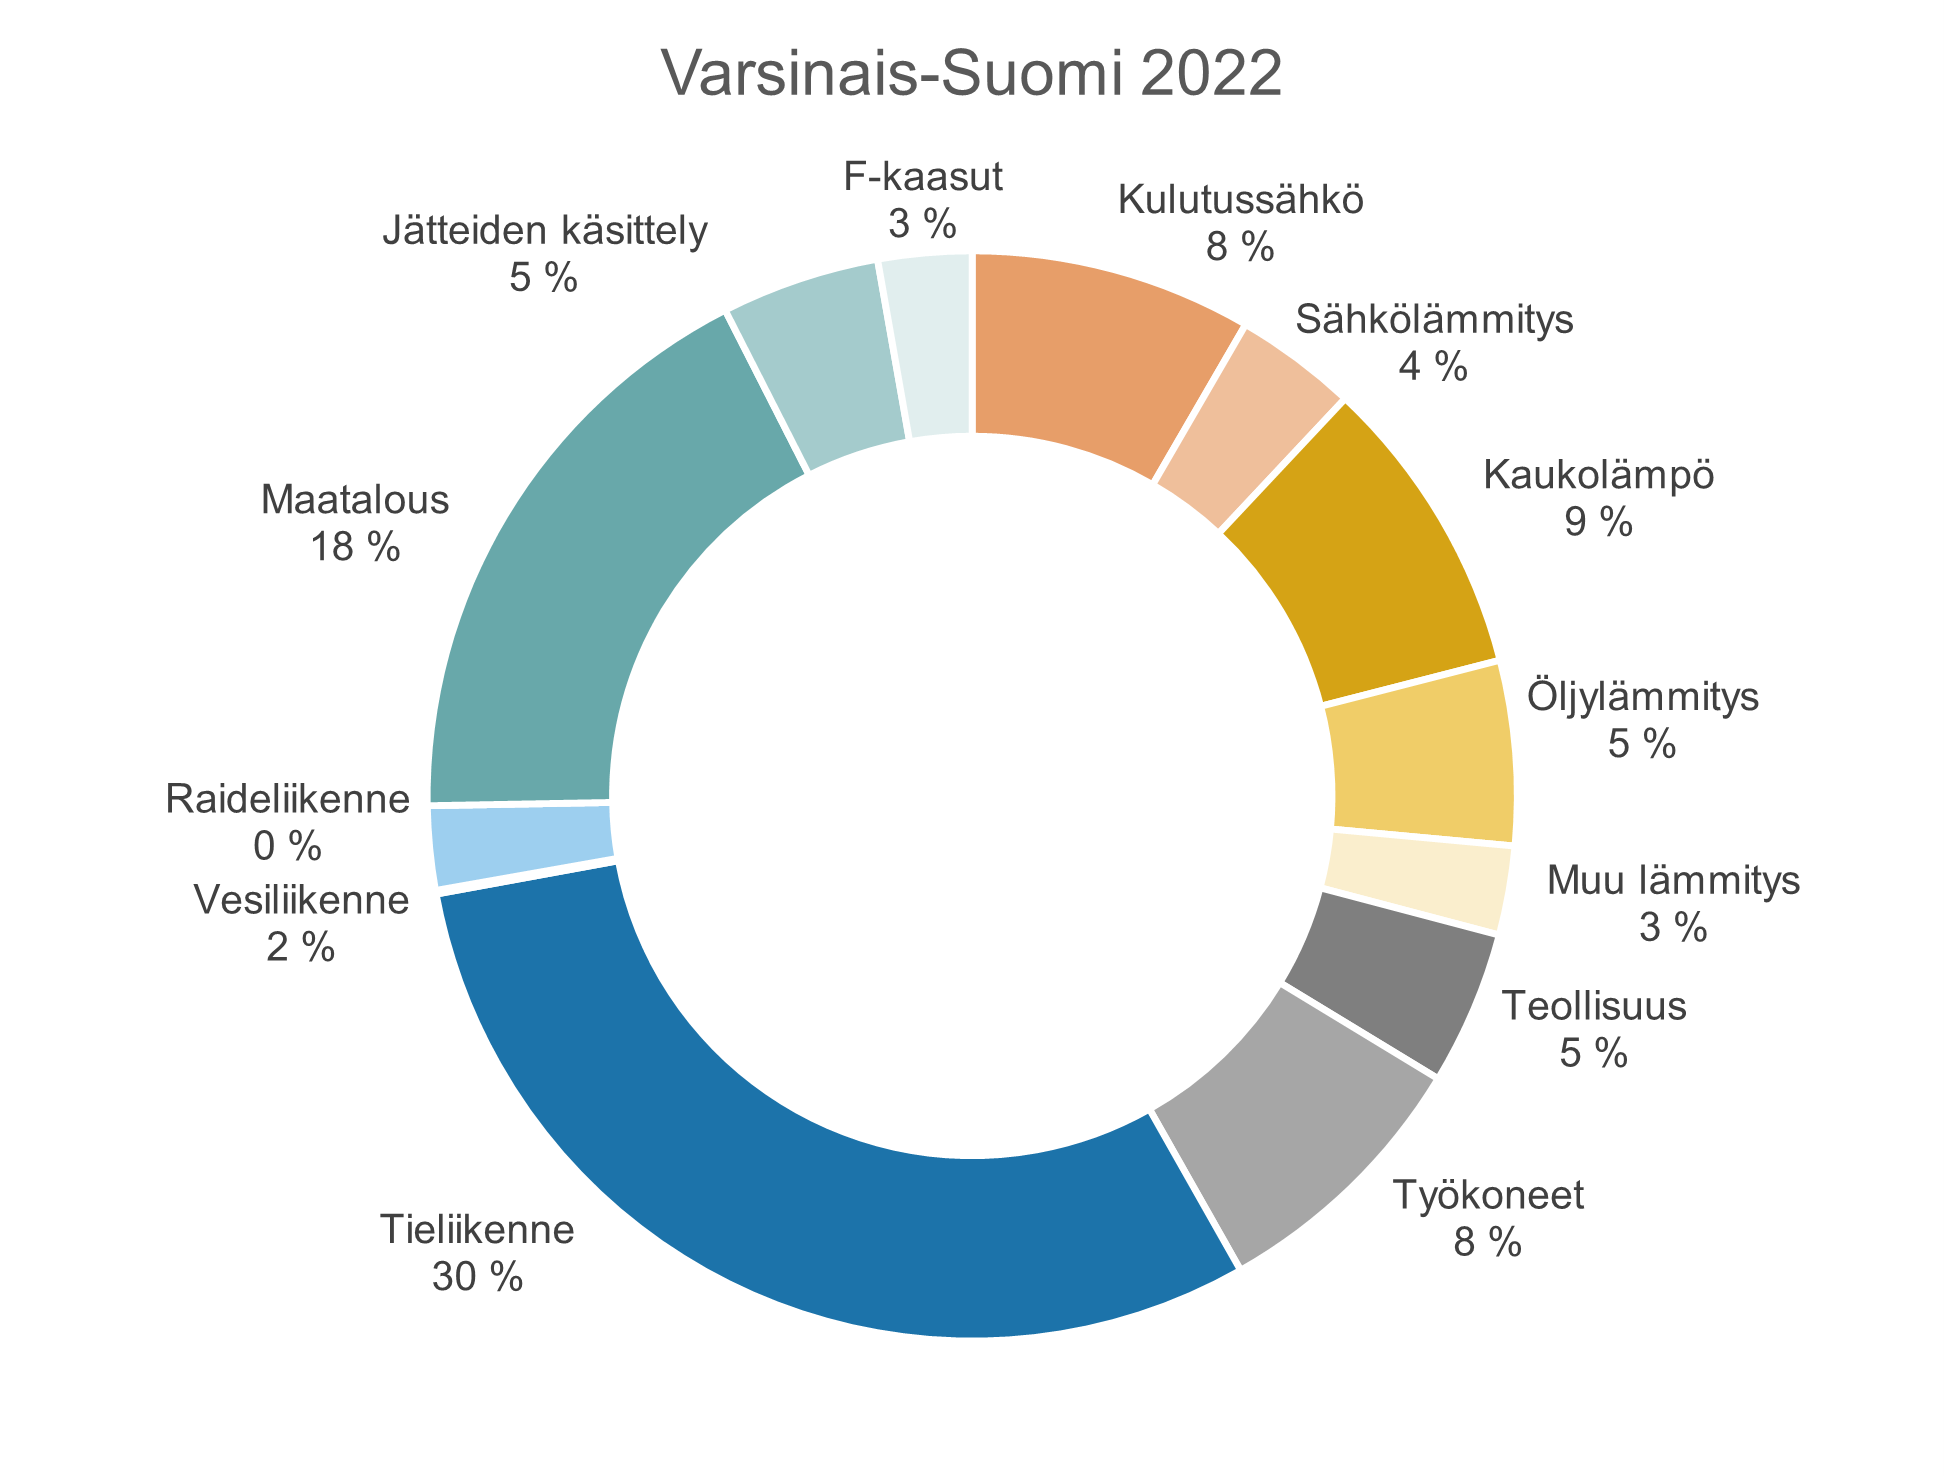 Varsinais-Suomen kuntien yhteenlaskettujen kasvihuonekaasupäästöjen jakauma vuonna 2022. 
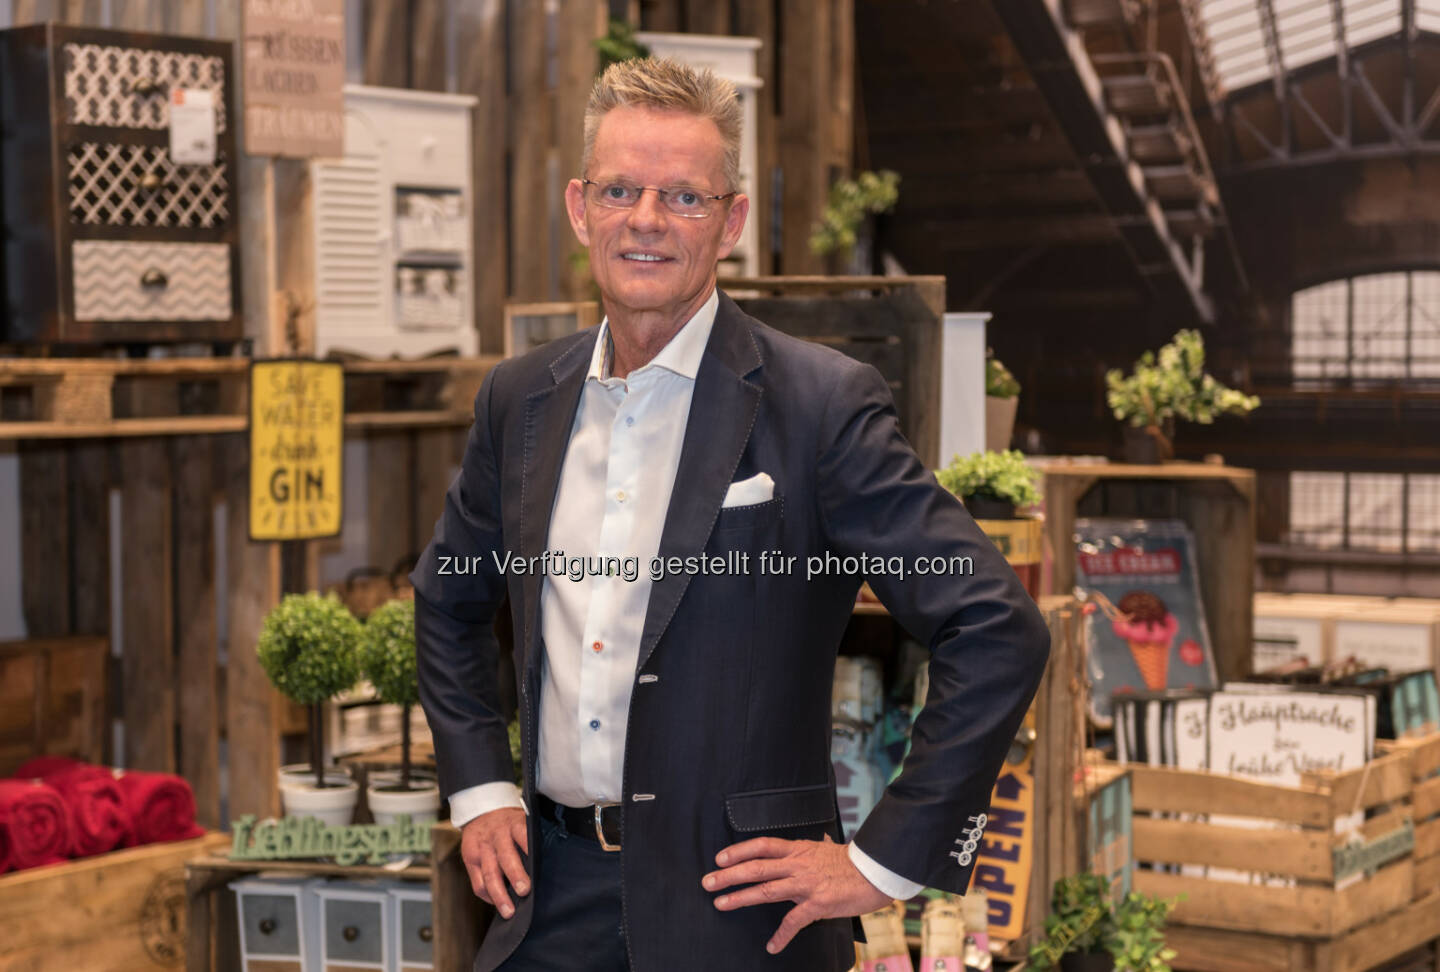 Dirk Herzig / Geschäftsführer lipo - Lipo Möbelhandels GmbH: Die Schweizer kommen nach Ansfelden! Und jetzt können sich auch die Oberösterreicher endlich wirklich frech günstig einrichten (Fotocredit: Lipo Möbelhandels GmbH)
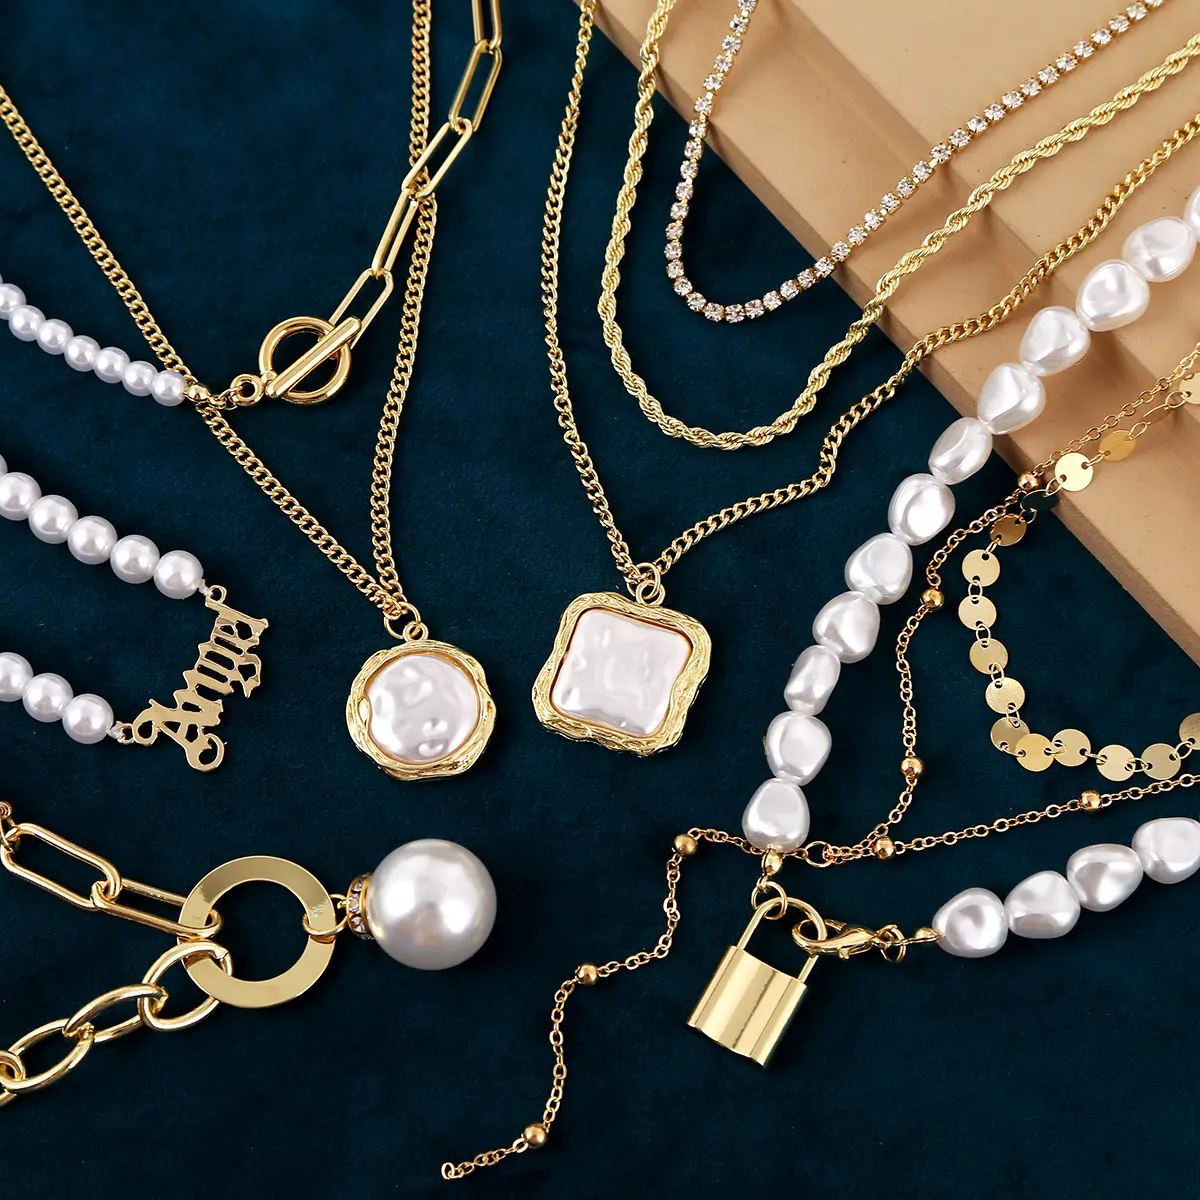 Baroque kalung mutiara dalam aksesori trendi kalung Choker mutiara helai pendek kecil rantai dapat disesuaikan perhiasan buatan tangan Vintage
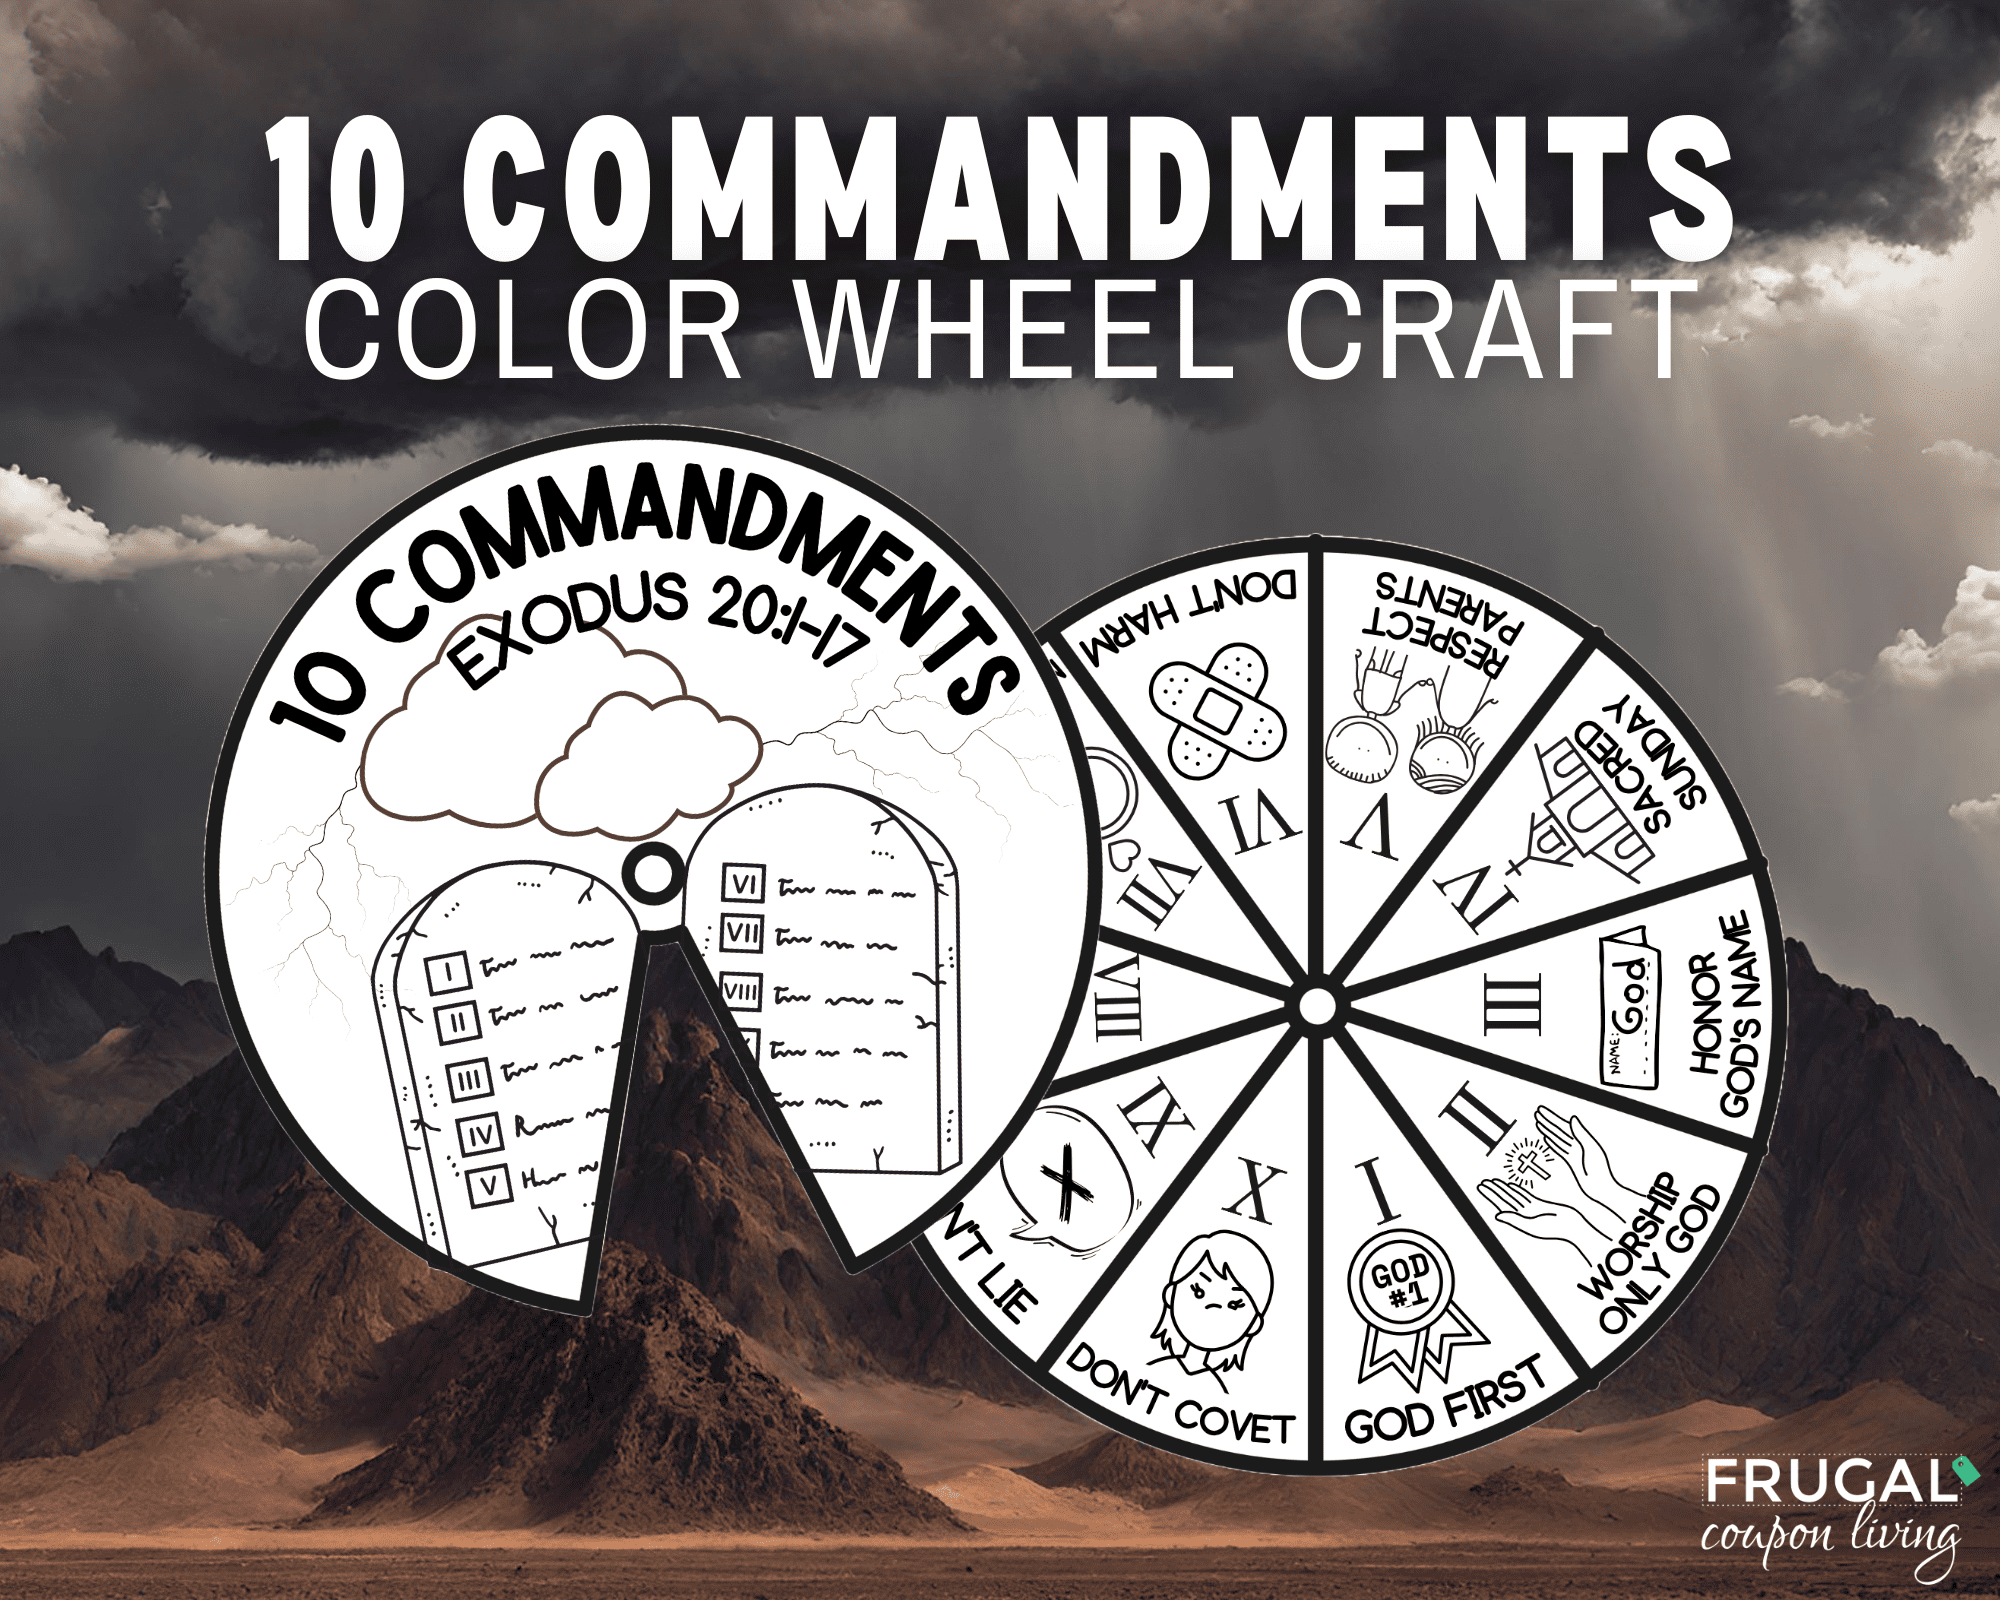 the ten commandments coloring wheel

- **THE PROBLEM**:
Set down all of the data word for word; no pictures belong in it.

- **ANSWER AREA**:
 Varsinais-Suomen kuntien yhteenlaskettujen kasvihuonekaasupäästöjen jakauma vuonna 2022. 
 Dirk Herzig / Geschäftsführer lipo - Lipo Möbelhandels GmbH: Die Schweizer kommen nach Ansfelden! Und jetzt können sich auch die Oberösterreicher endlich wirklich frech günstig einrichten (Fotocredit: Lipo Möbelhandels GmbH)
 Baroque kalung mutiara dalam aksesori trendi kalung Choker mutiara helai pendek kecil rantai dapat disesuaikan perhiasan buatan tangan Vintage
 the ten commandments coloring wheel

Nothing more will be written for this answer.